In 1992, the life expectancy of males in a certain country was 71.1 years. In 1997, it was 73.4 years. Let E represent the life expectancy in year t and let t represent the number of years since 1992.

The linear function E(t) that fits the data is E(t)=___?t+__?(Round to the nearest tenth)

Use the function to also predict the life expectancy of males in 2003.
E(11)=___?(Round to the nearest tenth)

Look at any of those examples down below. for example:

http://www.jiskha.com/display.cgi?id=1294619397

To find the linear function that fits the data, we can use the formula for a straight line:

E(t) = mt + b

Here, m represents the slope of the line, and b represents the y-intercept.

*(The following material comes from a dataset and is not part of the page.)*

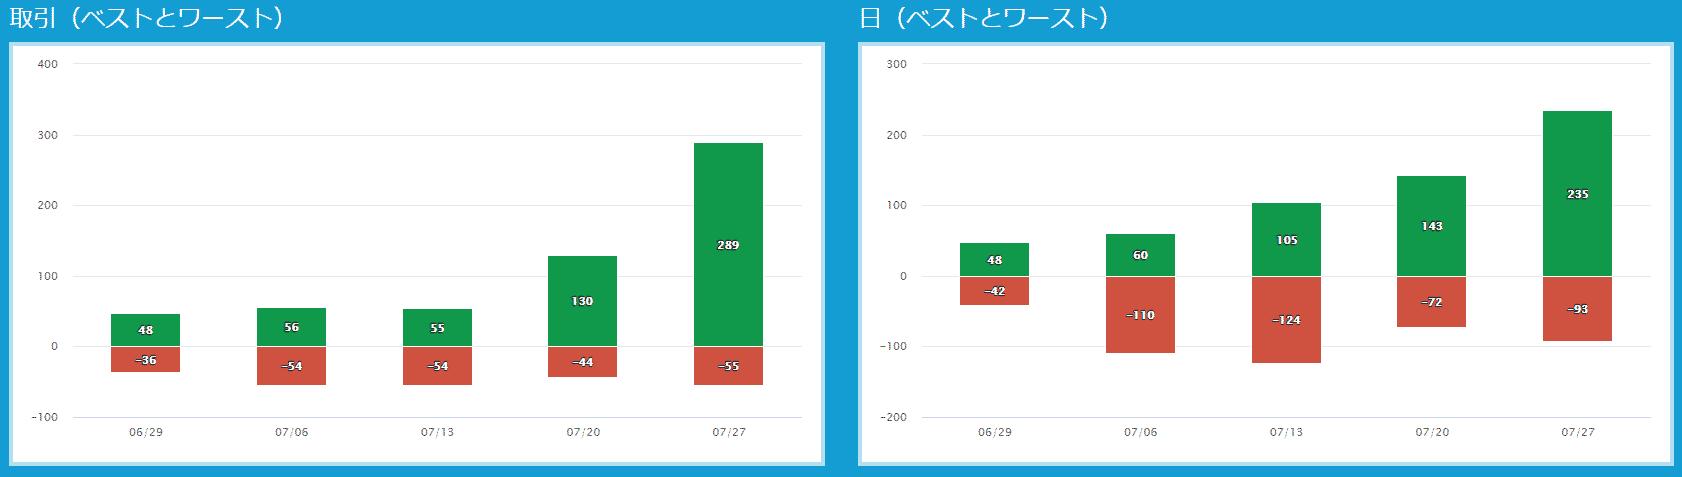 プロップトレーダーチャート153

To find the slope (m), we can use the formula:

m = (E2 - E1) / (t2 - t1)

Where E1 and E2 are the life expectancy values for years 1992 and 1997 respectively, and t1 and t2 are the corresponding number of years since 1992.

E1 = 71.1 years
E2 = 73.4 years
t1 = 0 years (Since it is the starting year)
t2 = 1997 - 1992 = 5 years

m = (73.4 - 71.1) / (5 - 0)
= 2.3 / 5
= 0.46 (rounded to two decimal places)

Now, to find the y-intercept (b), we can substitute the values of E and t into the equation and solve for b. Using the point (t1, E1):

E(t1) = m * t1 + b
71.1 = 0.46 * 0 + b
71.1 = b

Therefore, b = 71.1

So, the linear function E(t) that fits the data is:

E(t) = 0.46t + 71.1

Now, to predict the life expectancy in 2003 (11 years since 1992), we substitute t = 11 into the equation:

E(11) = 0.46 * 11 + 71.1
= 5.06 + 71.1
= 76.16 (rounded to the nearest tenth)

Therefore, the predicted life expectancy of males in 2003 is 76.2 years.